More than a year after the review began the SEC’s commissioners came to the decision that the ruling to disapprove would not be overturned, affirming “BZX has not met its burden under the Exchange Act and the Commission’s Rules of Practice to demonstrate its proposal is consistent with the requirements of the Exchange Act Section 6(b)(5).”
At the time, Commissioner Hester Peirce wrote a letter of dissent disagreeing with the outcome of the review.
Her arguments – that the SEC should be focused on disclosure rather than playing “gatekeeper” to the market – will likely be raised again during deliberations on the current set of bitcoin ETF proposals put forth by Direxion, GraniteShares and ProShares.

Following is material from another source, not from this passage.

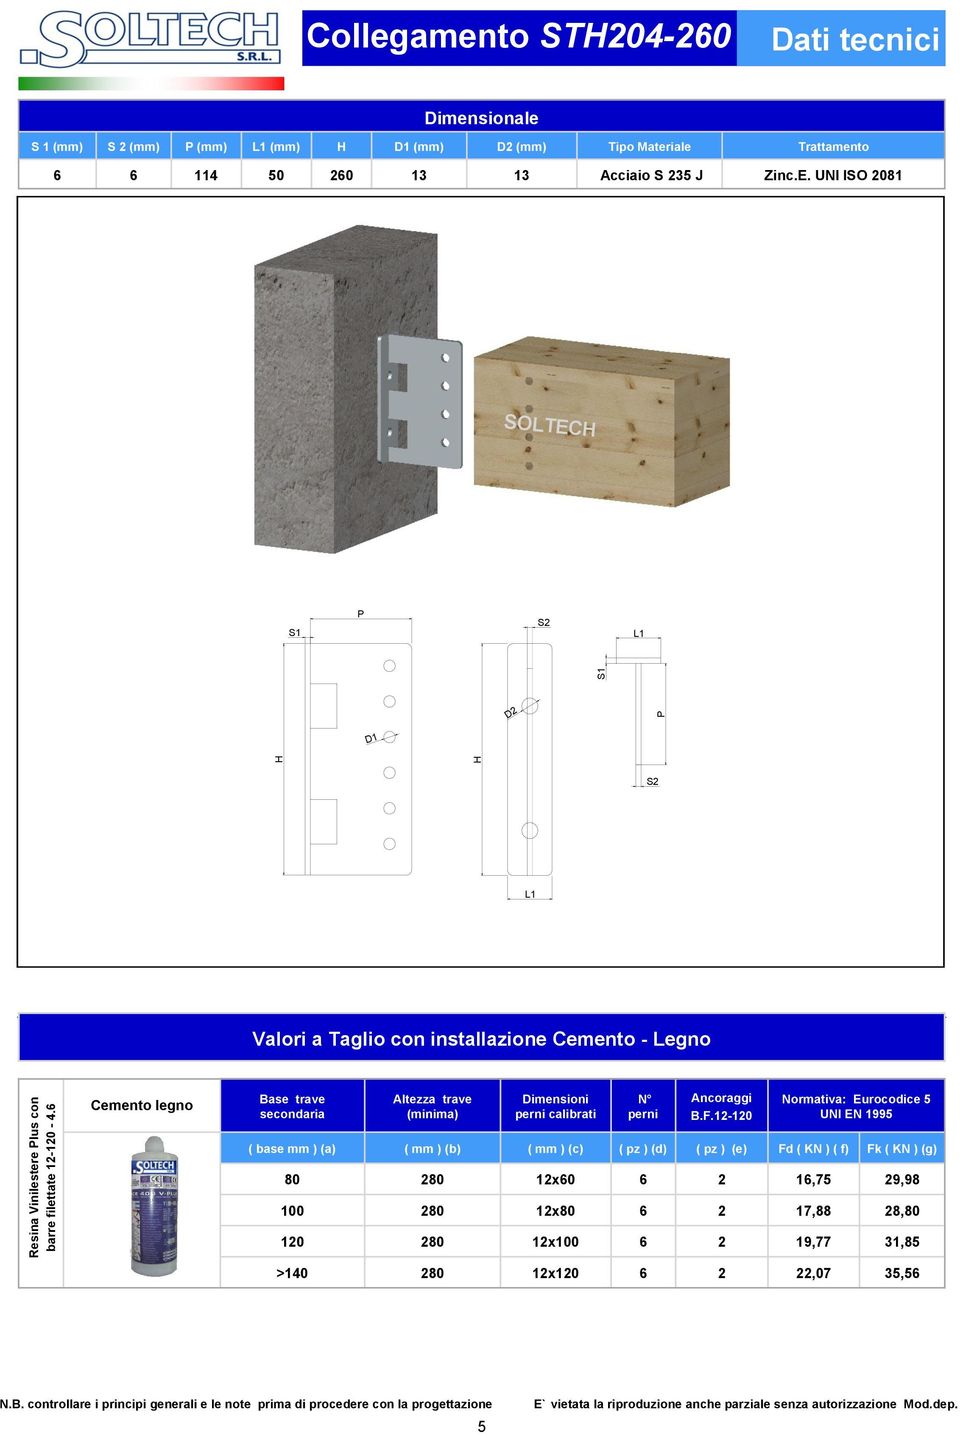 UNI ISO 2081 D2 D1 Cemento legno Base trave secondaria Altezza trave (minima) Dimensioni perni calibrati N perni Ancoraggi B.F.

Past reviews have taken anywhere between six to 16 months, Chervinsky affirmed, and the Rules of Practice do not set a strict deadline for the SEC, making it “hard to predict” how long this particular review will take.
Chervinsky told CoinDesk:
“Given the nature of yesterday’s decision and the fact that the commissioners so recently handled the Winklevoss appeal, I don’t think it will take long to finish this review.”
Regardless, the announcement of the review was largely well-received by individuals such as GraniteShares CEO Will Rhind, whose firm is now among those waiting for a final answer from the SEC’s highest ranks.
“It’s a positive development and we look forward to engaging with the SEC commissioners on this matter,” Rhind told CoinDesk.